Content starts

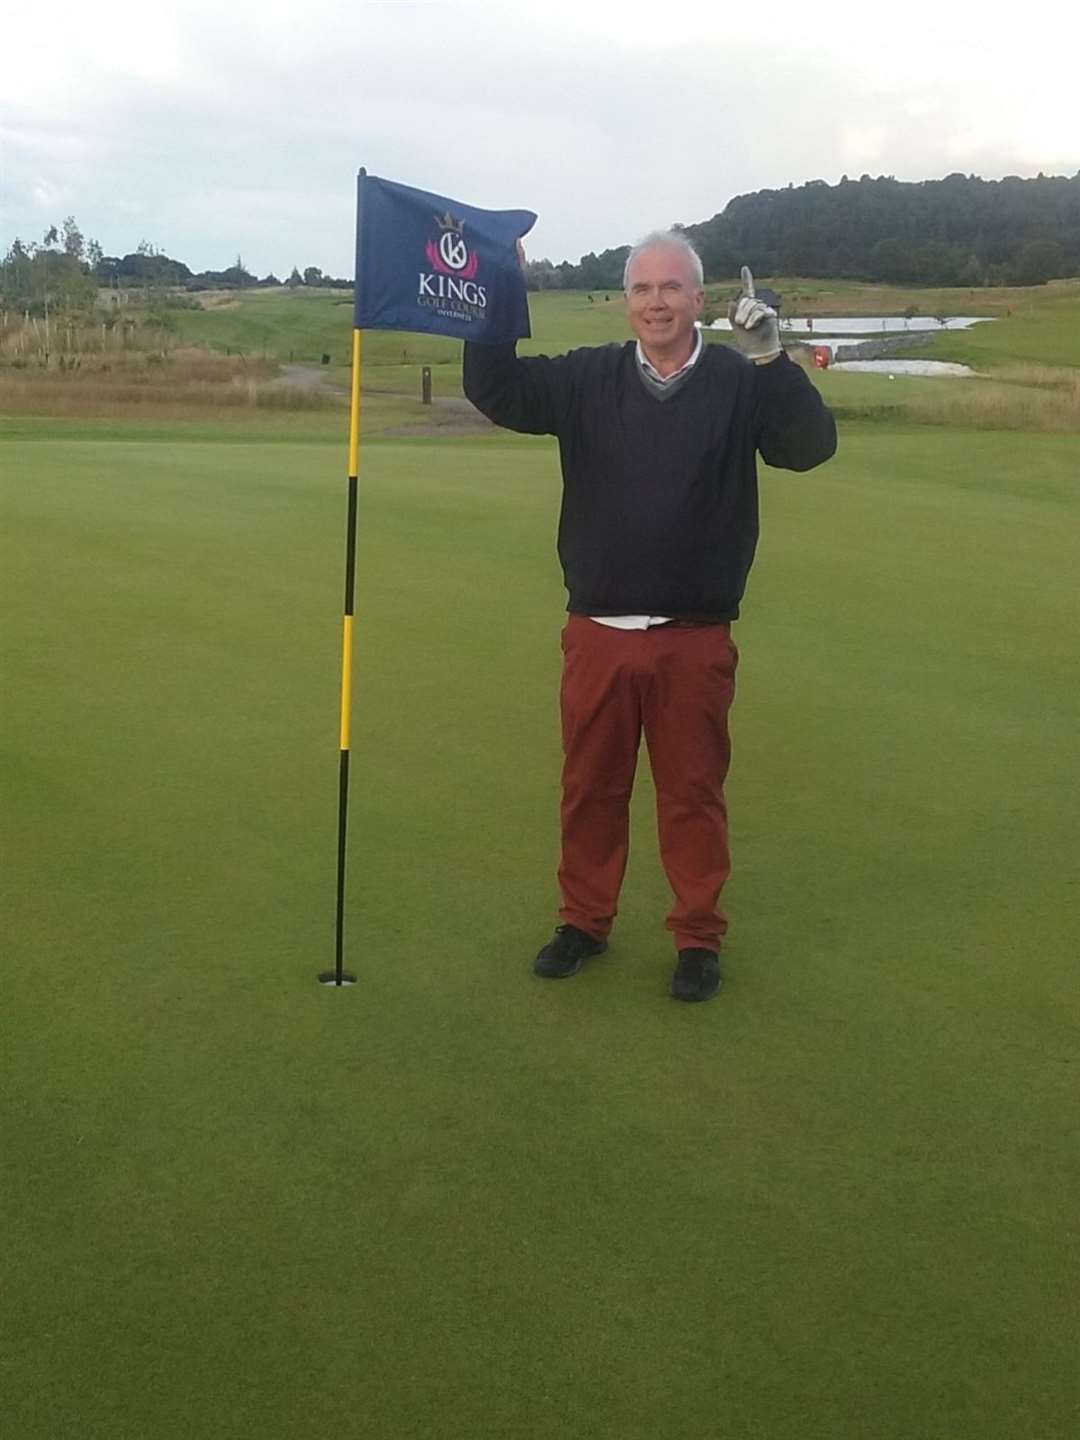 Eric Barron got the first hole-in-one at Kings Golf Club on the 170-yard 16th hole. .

Content ends
Content starts

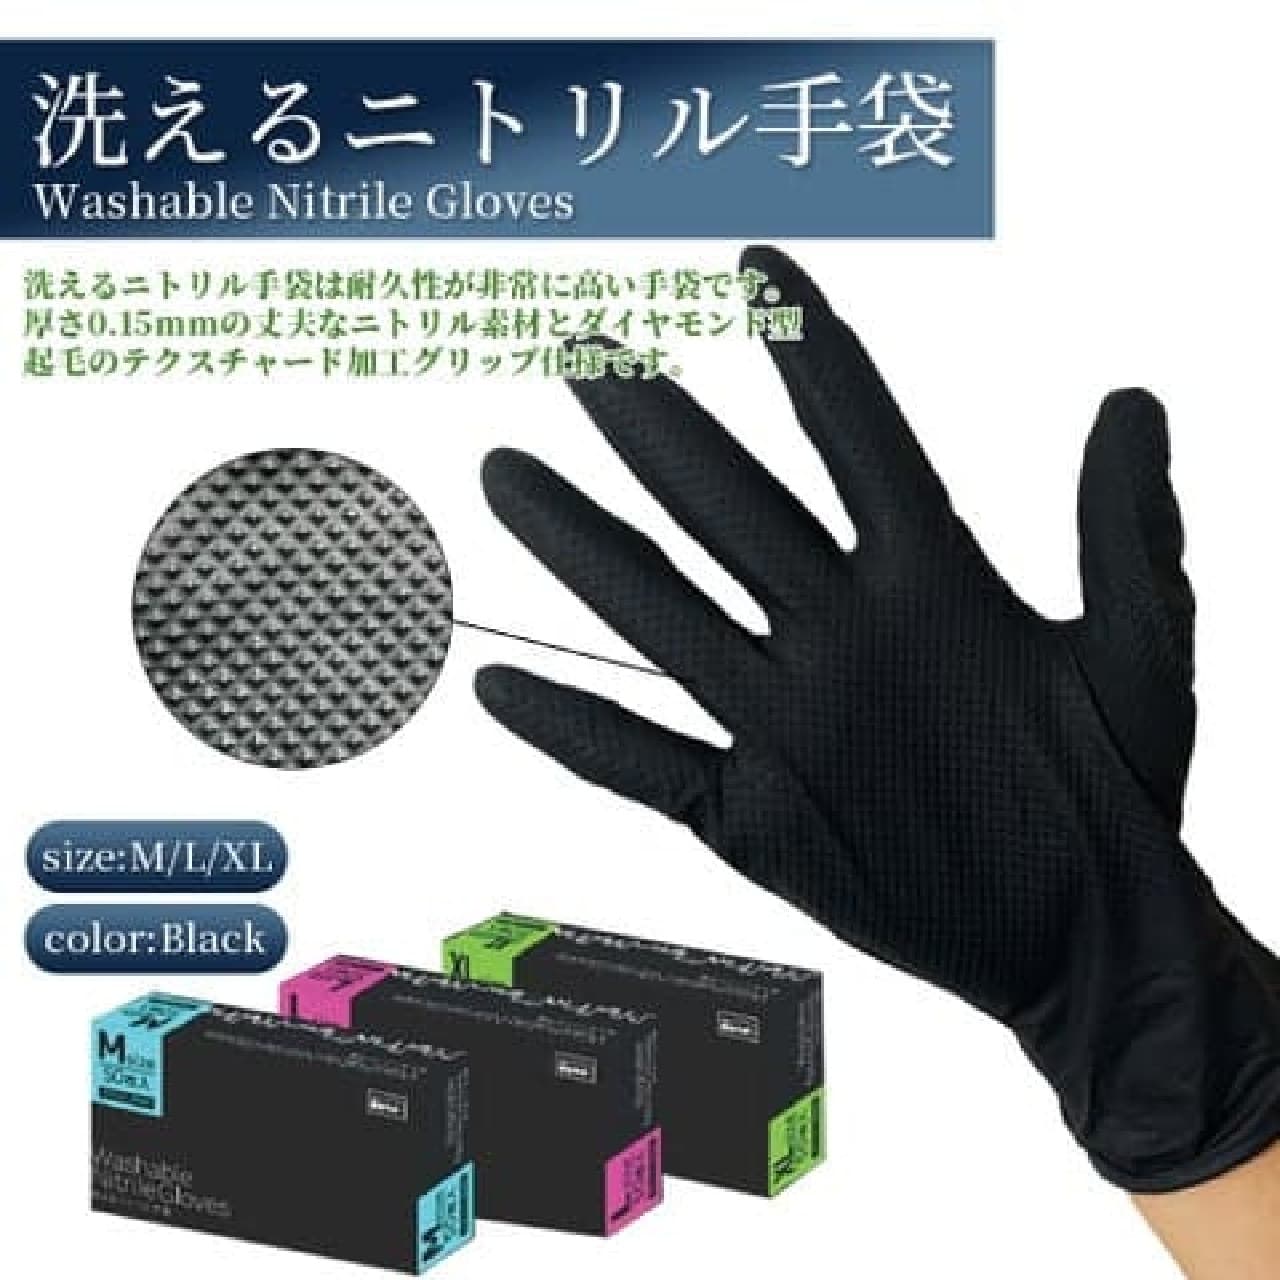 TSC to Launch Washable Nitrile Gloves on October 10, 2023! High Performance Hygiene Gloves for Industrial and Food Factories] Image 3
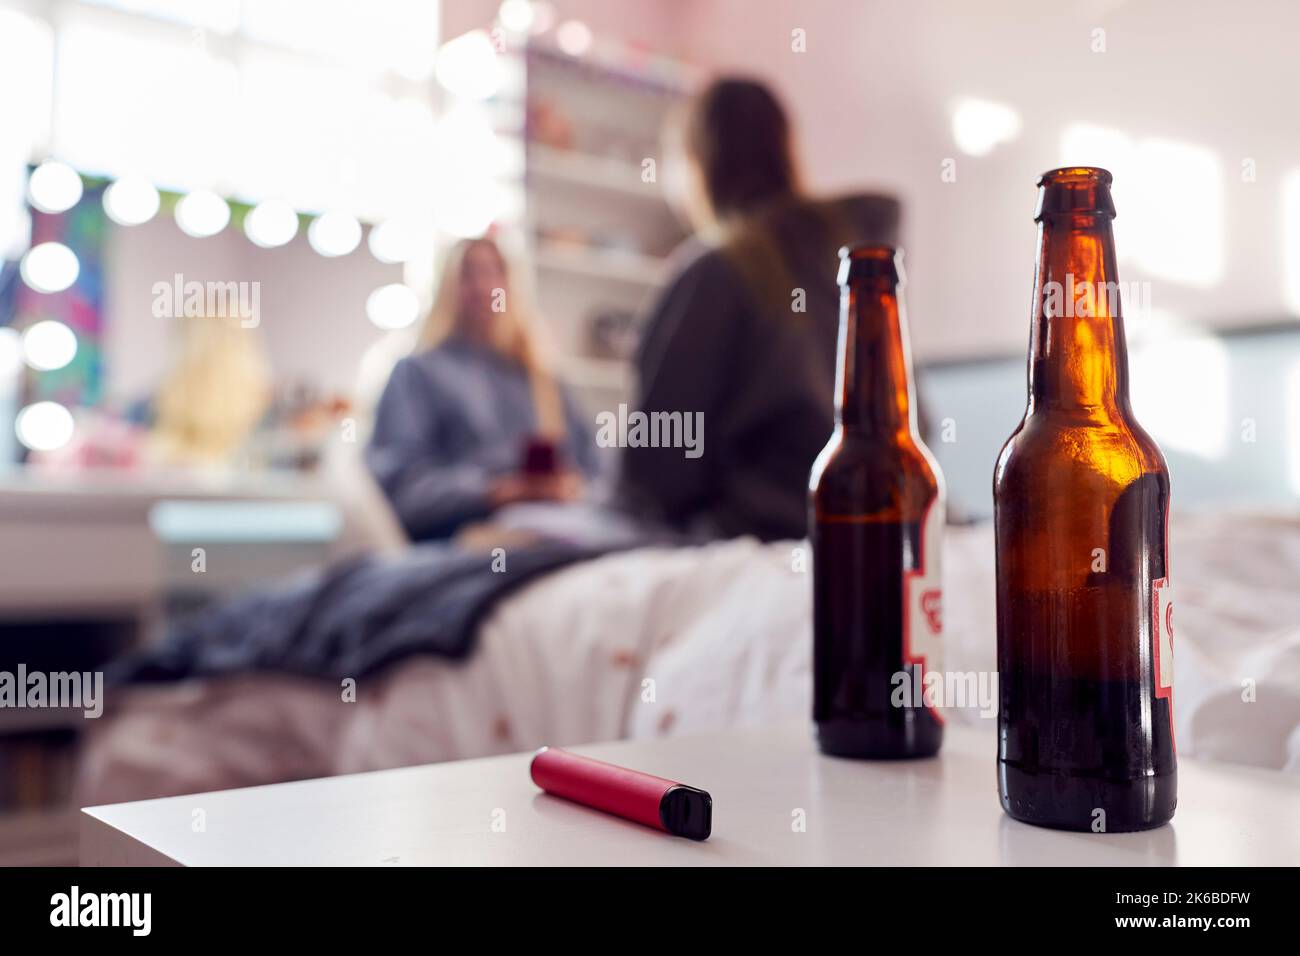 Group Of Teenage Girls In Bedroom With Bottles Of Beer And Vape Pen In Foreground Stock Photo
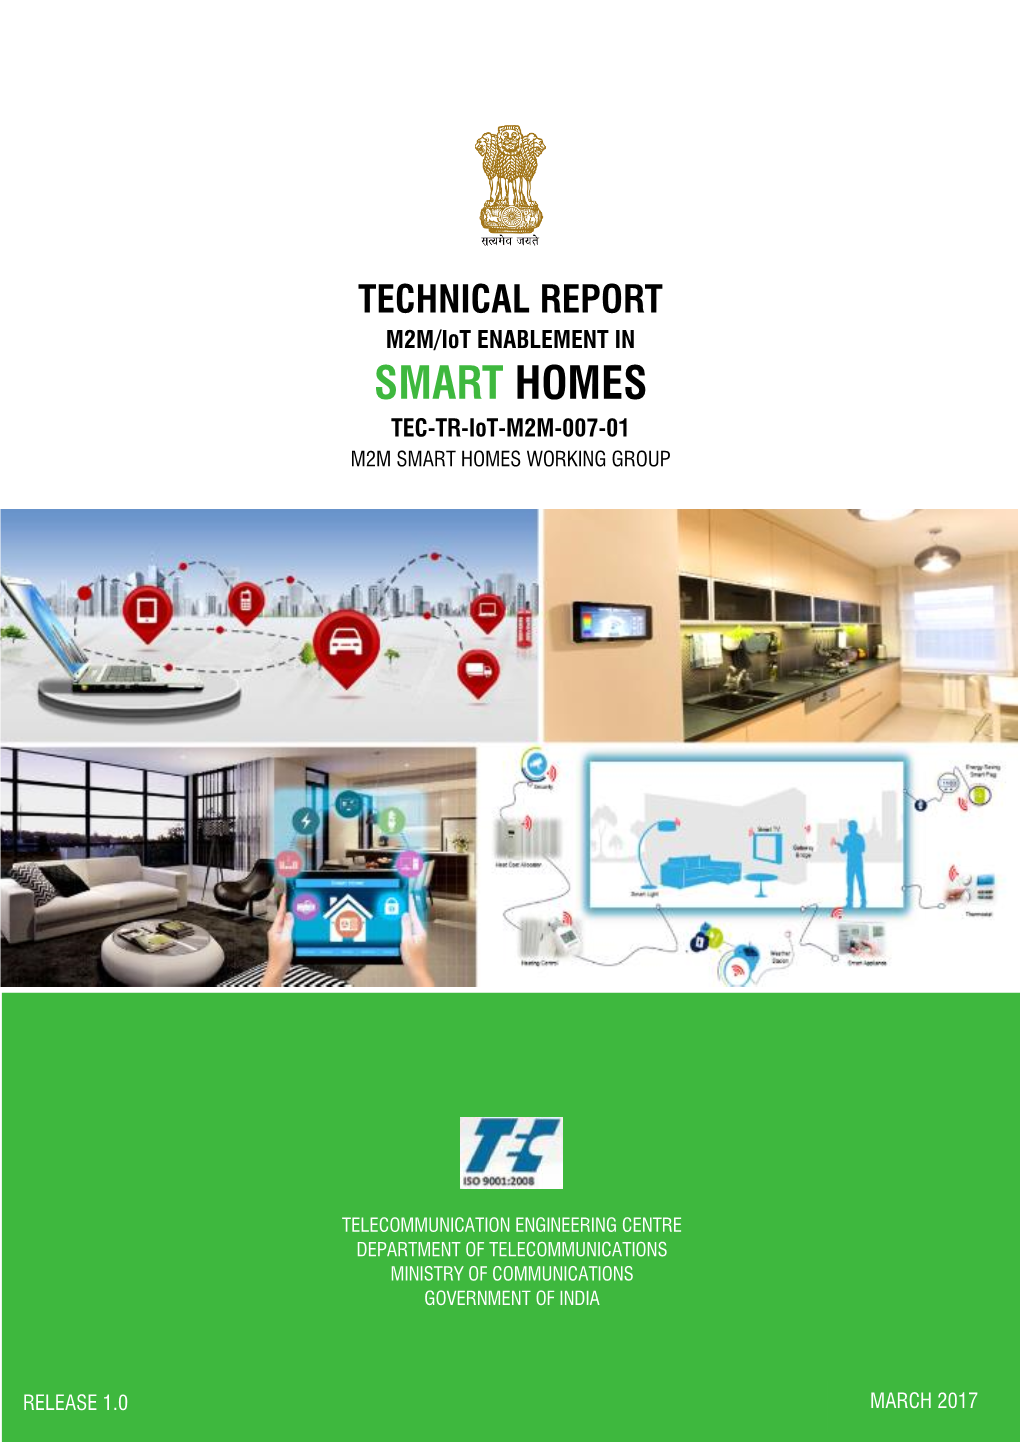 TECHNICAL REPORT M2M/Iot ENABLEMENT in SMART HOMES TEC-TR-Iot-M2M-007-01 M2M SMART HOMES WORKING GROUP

Content ends

§ **EXERCISE PROMPT**: Working from the records above, set down word for word everything from the line containing "TSC to Launch" down to the line containing "TECHNICAL REPORT M2M/Iot", ends included, minus the pictures.

§ **WRITTEN SOLUTION**:
 TSC to Launch Washable Nitrile Gloves on October 10, 2023! High Performance Hygiene Gloves for Industrial and Food Factories] Image 3
 Group Of Teenage Girls In Bedroom With Bottles Of Beer And Vape Pen In Foreground Stock Photo
 TECHNICAL REPORT M2M/Iot ENABLEMENT in SMART HOMES TEC-TR-Iot-M2M-007-01 M2M SMART HOMES WORKING GROUP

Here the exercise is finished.